Hello everyone, my name is Marcie Lane, and I teach 7th and 8th grade gifted students. They love to use music in my classroom. From the preposition song to the linking verb song, to using lyrics and music to teach persuasive music--it's always their favorite lessons when they get to sing. Isn't it amazing how music can turn your students into more willing learners? I love that about music--everyone enjoys participating. It's evidenced by the tons of laughter and smiles music lessons create. I agree with Maurice Elias' article wholeheartedly! I say let's all sing!!!--Marcie Lane

Marcie Lane's picture
Anonymous (not verified)

Hello Maria,

It is a comforting and happy thought to imagine all your little kindergarteners singing away. I would love to be a kindergartener in your classroom. Keep up the good work!!--Marcie Lane

pbass's picture
Anonymous (not verified)

I am a 7th grade social studies teacher but I also play bass and guitar. I really liked the article about using music in the classroom.
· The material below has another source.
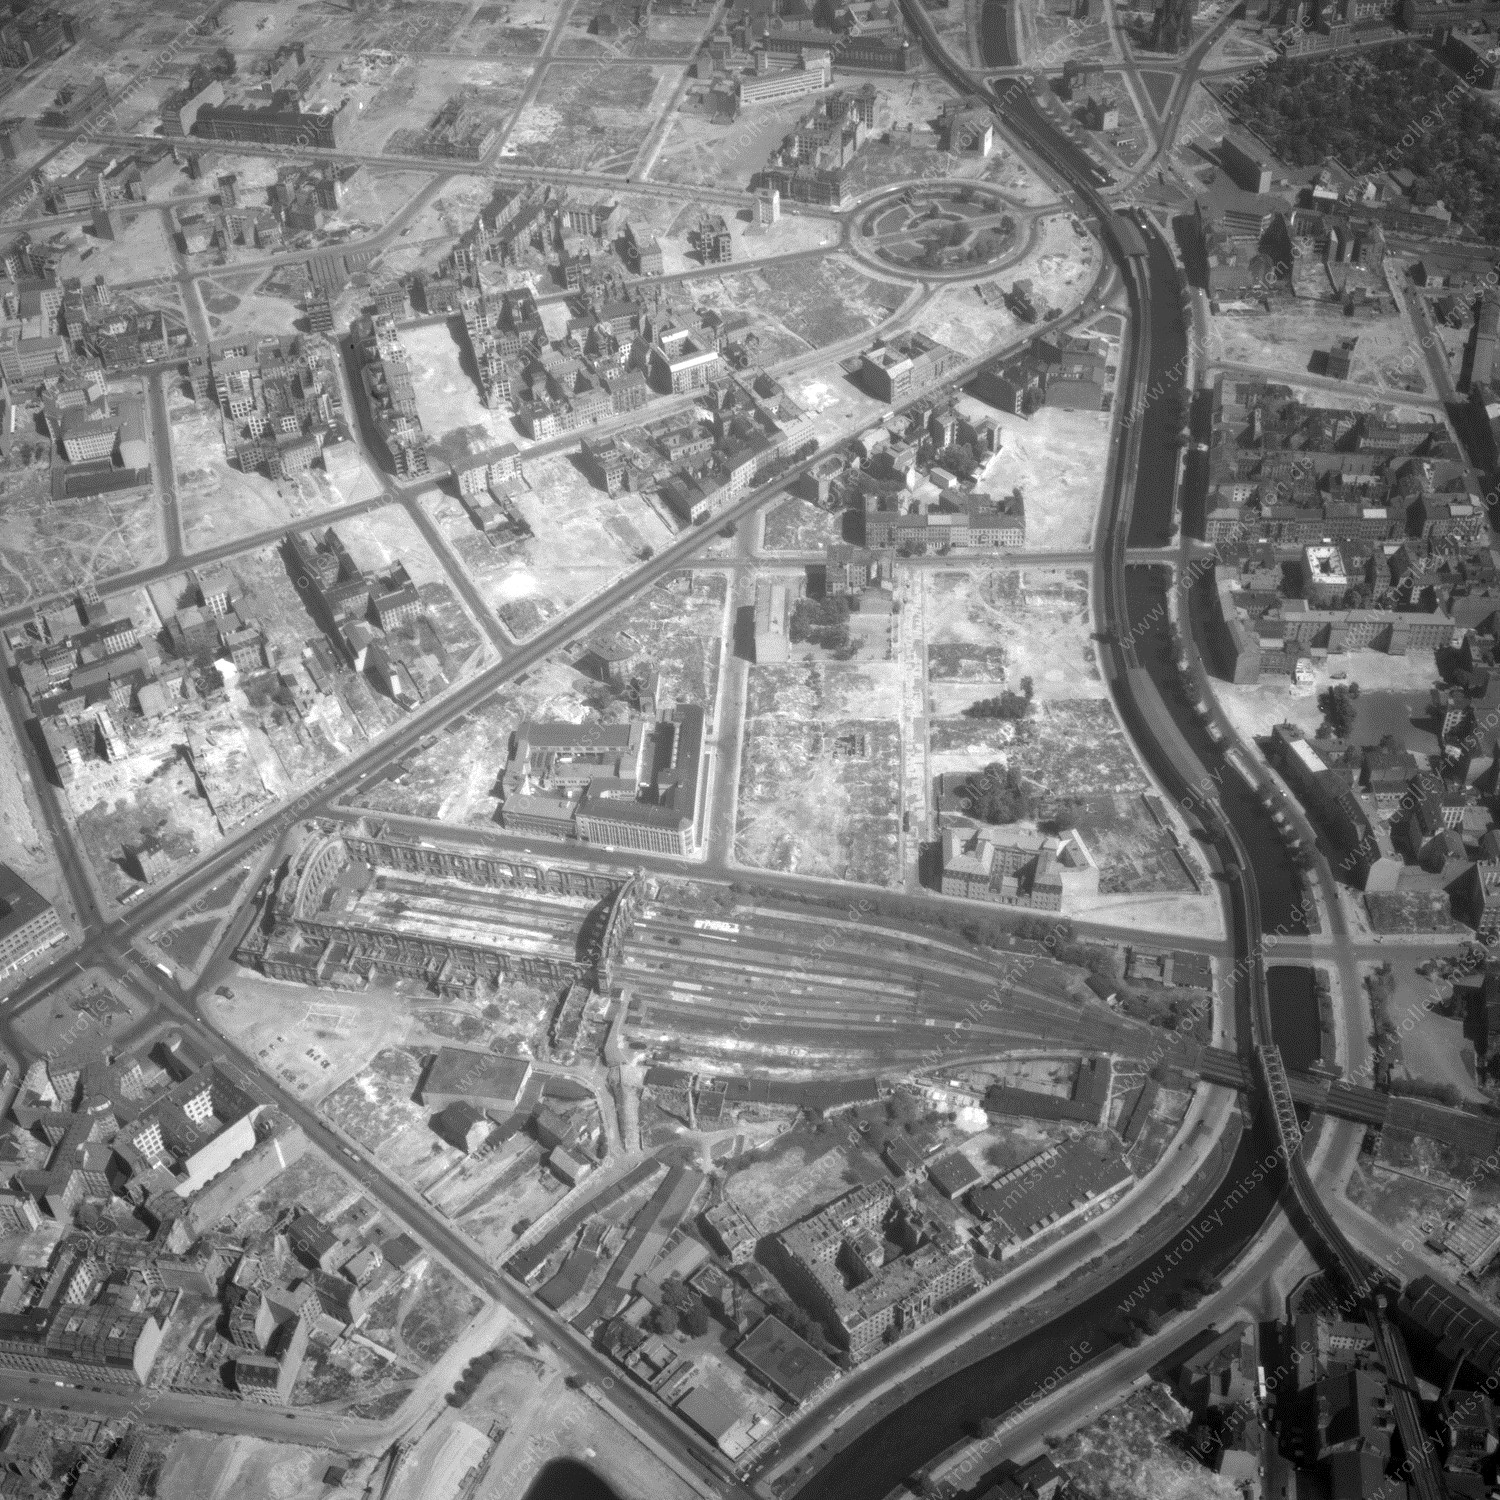 Alte Fotos und Luftbilder von Berlin - Luftbildaufnahme Nr. 07 - Historische Luftaufnahmen von West-Berlin aus dem Jahr 1954 - Flugstrecke India
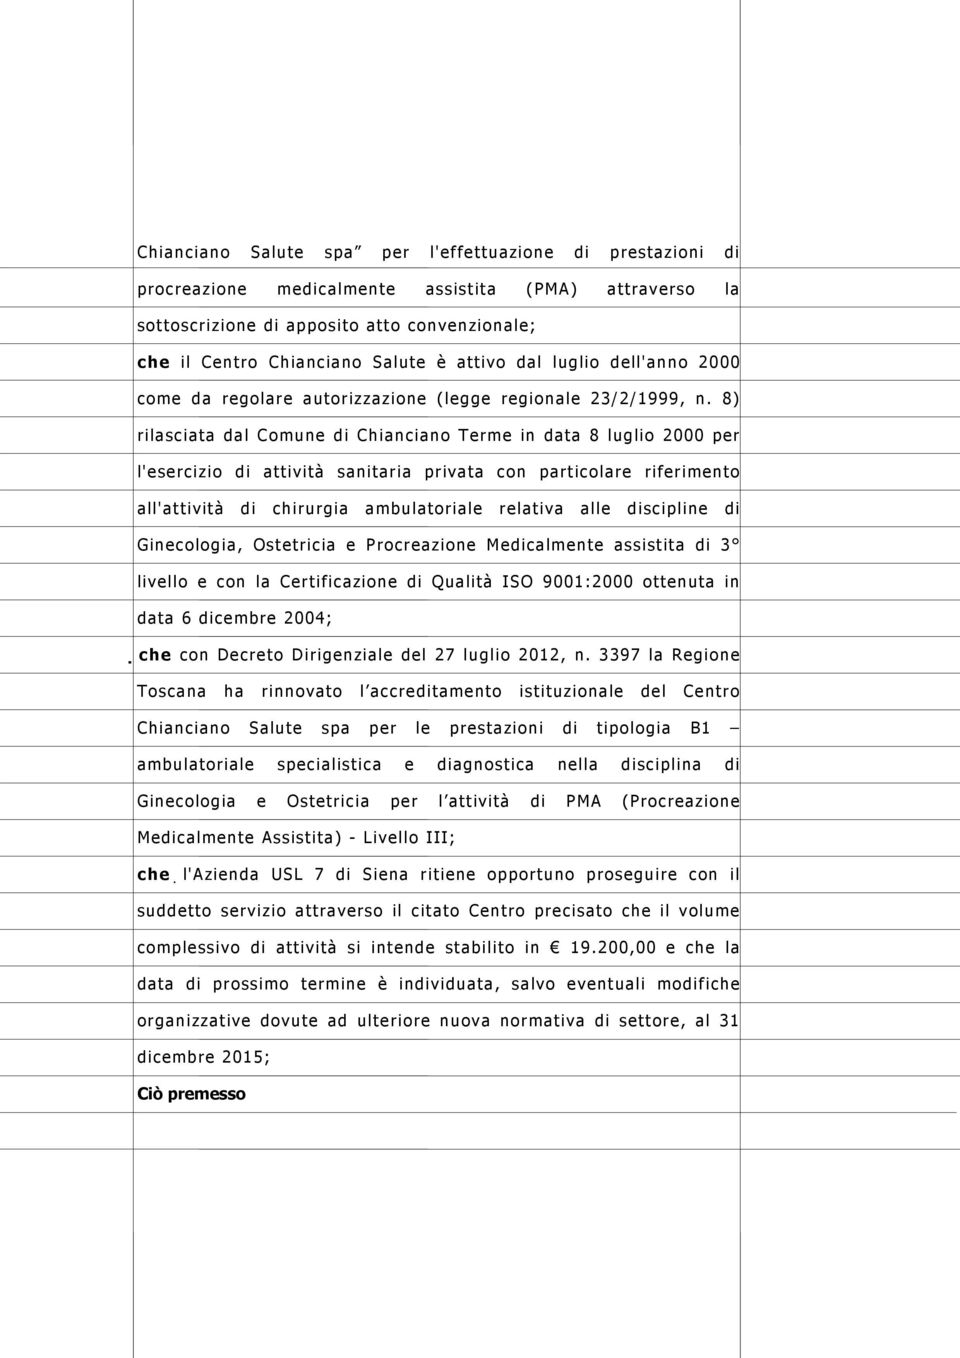 8) rilasciata dal Comune di Chianciano Terme in data 8 luglio 2000 per l'esercizio di attività sanitaria privata con particolare riferimento all'attività di chirurgia ambulatoriale relativa alle

After reading it I have become inspired to use music in my classroom by actually bringing in my guitar and leading the class in a group sing-a-long. I believe the students will think that it is fun and as you stated "it activates three different centers of the brain at the same time: language, hearing, and rhythmic motor control." I think that it might work well for something like "This Land is Your Land" and tie it to U.S. geography. We can listen to a Woody Guthrie recording of the song and then do it ourselves. Thanks for a wonderful article!

Tracy's picture
Anonymous (not verified)

Maria,

I am interested to know which songs are best for teaching concepts such as Days of the week, counting, etc.. I am an elementary special ed. teacher and I think adding music to our daily routine would be enjoyable and much more interesting. Do you mind recommending some songs?

Thanks, Tracy

Brooke 's picture
Anonymous (not verified)

I teach kindergarten at a rural elementary school in northwest Ohio. I use music in my teaching everyday. We sing songs to learn their days of the week, months of the year, spelling color and number words, seasons, and about every subject we discuss. The children love to sing and we add motions to the songs as well. This is a great way to teach young children and they remember it so well! When I am doing assessments I tell them to think of the song and they immediately know it. It keeps their attention and interest and I have had their parents tell me that they sing the songs at home all the time. I love that you can go to the internet and find a song about anything! It is so helpful and beneficial to my students.

zainab's picture
Anonymous (not verified)

Maria I do agree with you that Music has a great positive effect in enhancing children's learning. I am a preschool teacher and I see that children are enevitabley in love with music. their memory skills, predectability skills, are improved greatly as they sing rhymes and songs enforcing numbers, sounds in a friendly way. Also I found that you can keep the children's attention to an activity for longer time when music is used. Music has proven to improve cognition. research has proven that music development follows the same sequence as language development.Also music plays a great part in developing spatial temporal, which is crucial in learning math and sience.